■ SUPPLIED DATA:
┄┄┄┄┄┄
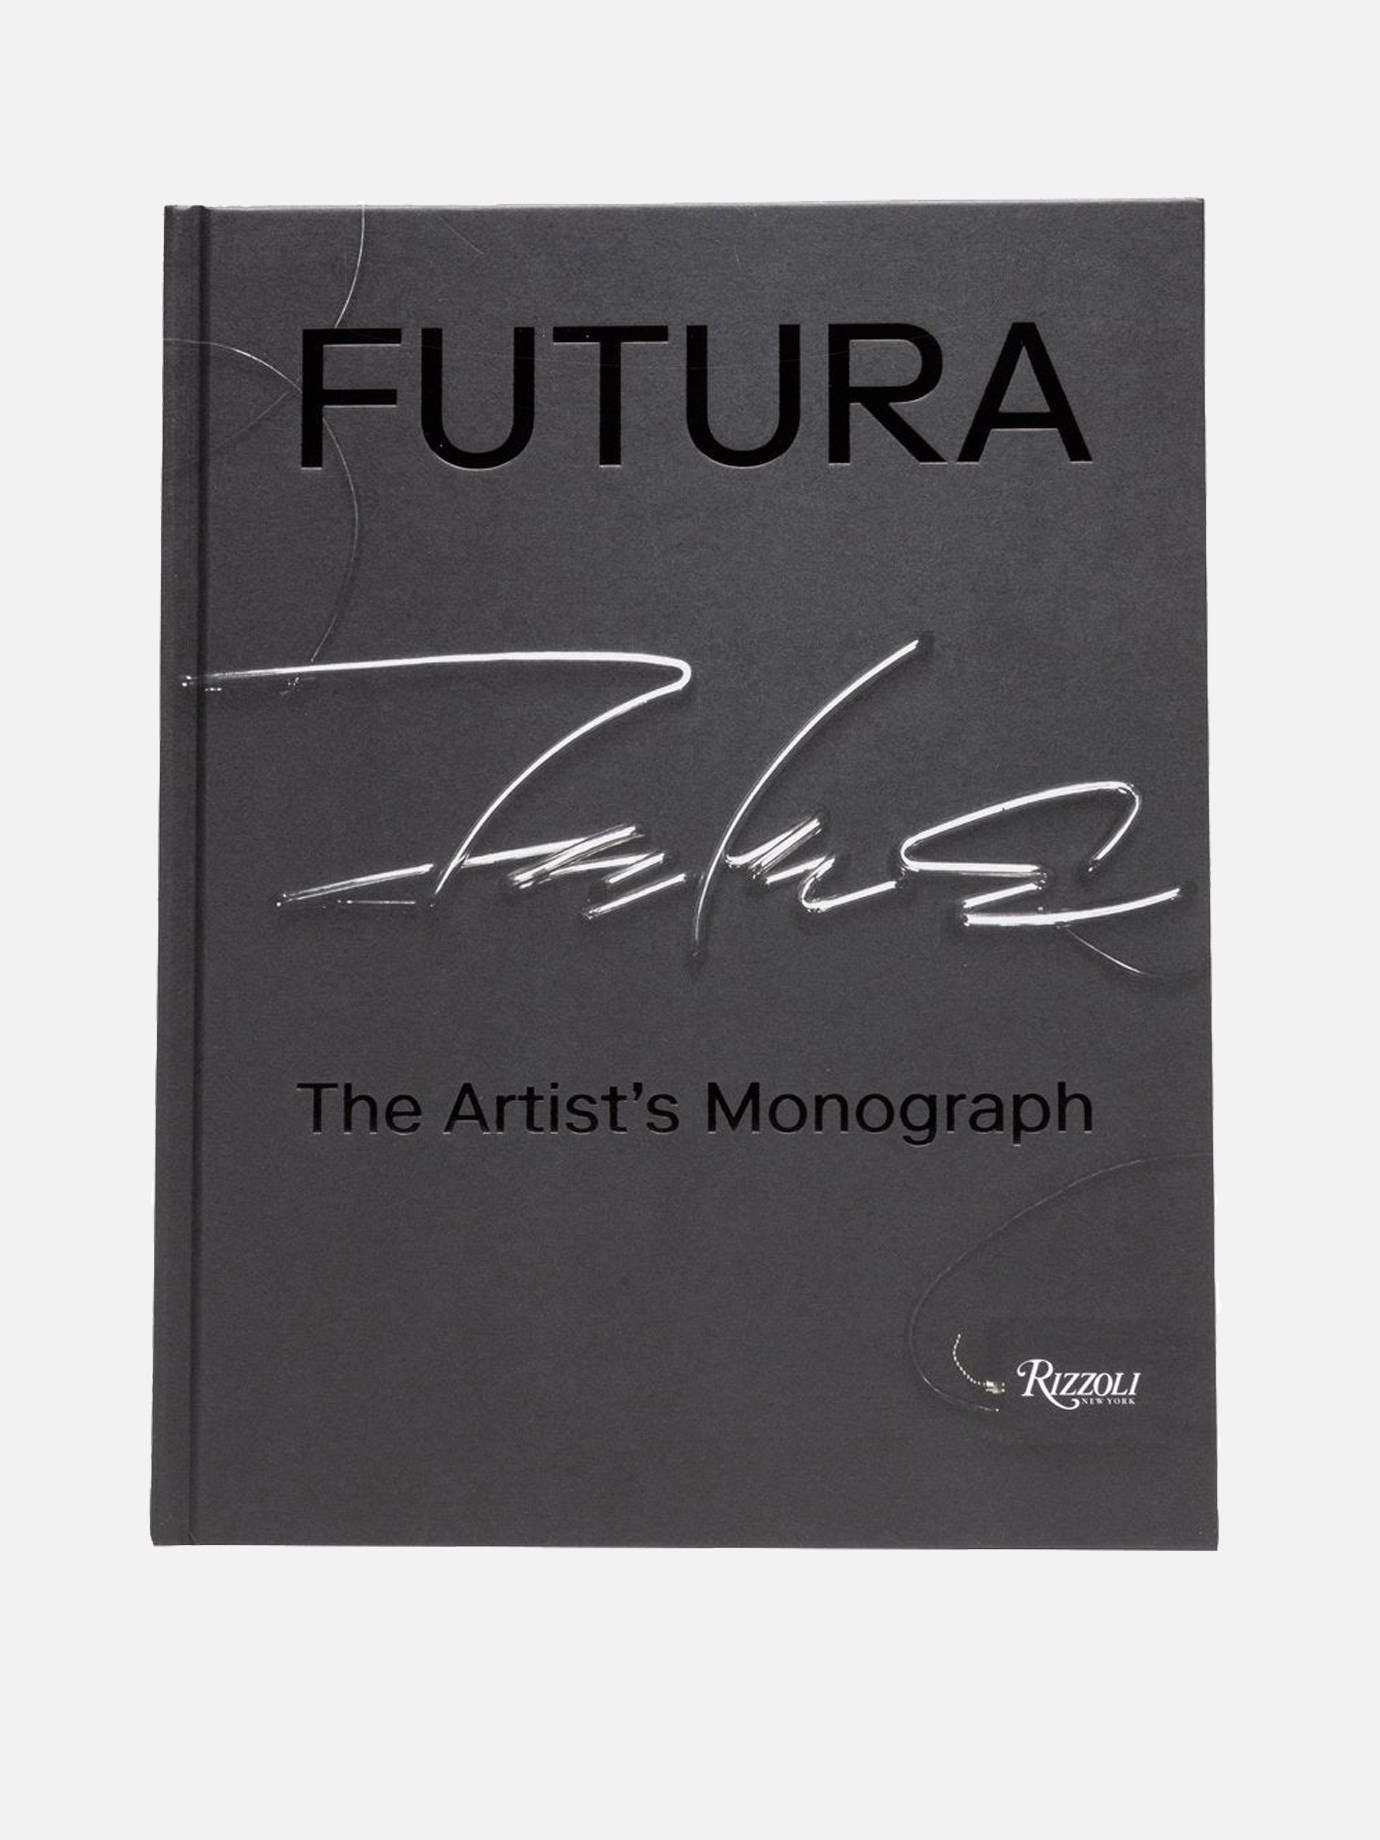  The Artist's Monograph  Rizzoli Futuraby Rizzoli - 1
┄┄┄┄┄┄
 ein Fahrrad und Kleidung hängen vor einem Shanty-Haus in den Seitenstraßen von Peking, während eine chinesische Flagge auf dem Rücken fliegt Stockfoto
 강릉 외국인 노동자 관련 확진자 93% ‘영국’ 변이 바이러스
┄┄┄┄┄┄
All that is wanted is a faithful reproduction of the line above with "ein Fahrrad und", the line with "강릉 외국인 노동자 관련 확진자 93% ‘영국’ 변이 바이러스", and every line in between.

 ein Fahrrad und Kleidung hängen vor einem Shanty-Haus in den Seitenstraßen von Peking, während eine chinesische Flagge auf dem Rücken fliegt Stockfoto
 강릉 외국인 노동자 관련 확진자 93% ‘영국’ 변이 바이러스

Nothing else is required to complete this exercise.